BORNEONEWS, Pangkalan Bun - Lantaran pelaksanaan salat Id 1441 H diwajibkan dilakukan di luar ruangan sebagai standar keamanan pada masa pandemik covid-19, tentunya kendala cuaca juga menjadi faktor penting yahg perlu diperhatikan dalam pelaksanaan salat.

Ketua Majelis Ulama Indonesia (MUI) Kotawaringin Barat (Kobar) Muhammad Chabib, Selasa, 19 Mei 2020 menjelaskan bagaimana bila sekitar pukul 08.30 WIB saat sholat Ied digelar turun hujan.

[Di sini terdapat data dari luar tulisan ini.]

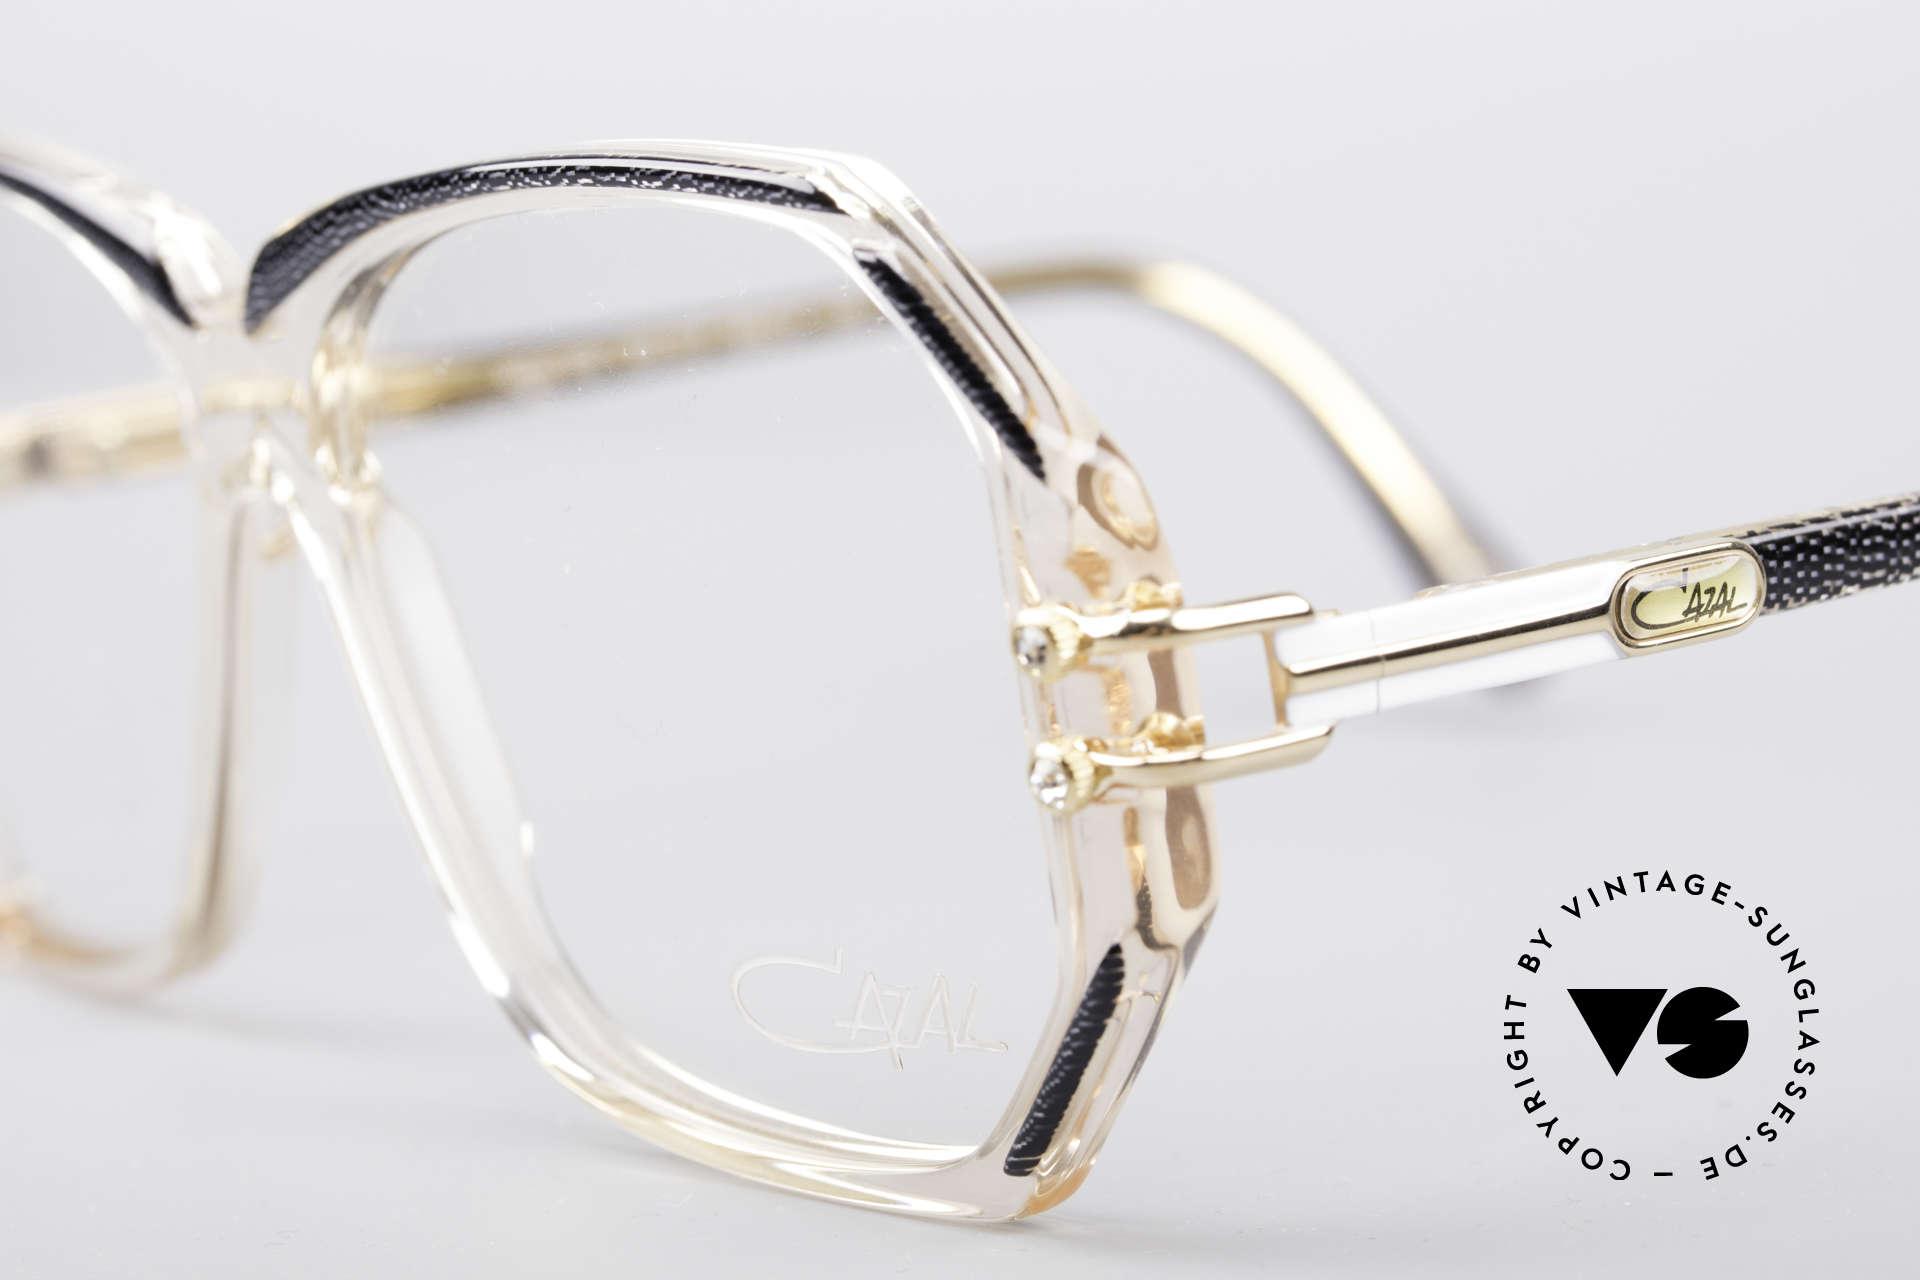 Cazal 169 Vintage Designer Brille, mit 4 kleinen dezenten Strass-Steinen als Zierschrauben, Passend für Damen

"Pelaksanaan shokat Ied adalah pada masa dhuha yaitu sekitar pukul 08.00 WIB hingga pukul 11.00 WIB," jelas Chabib.

Sehingga, lanjut Chabib, bila hujan turun pada pagi hari, diharapkan agar menunggu hujan berhenti dulu dan tidak melaksanakan sholat Ied dalam ruangan," jelas Chabib.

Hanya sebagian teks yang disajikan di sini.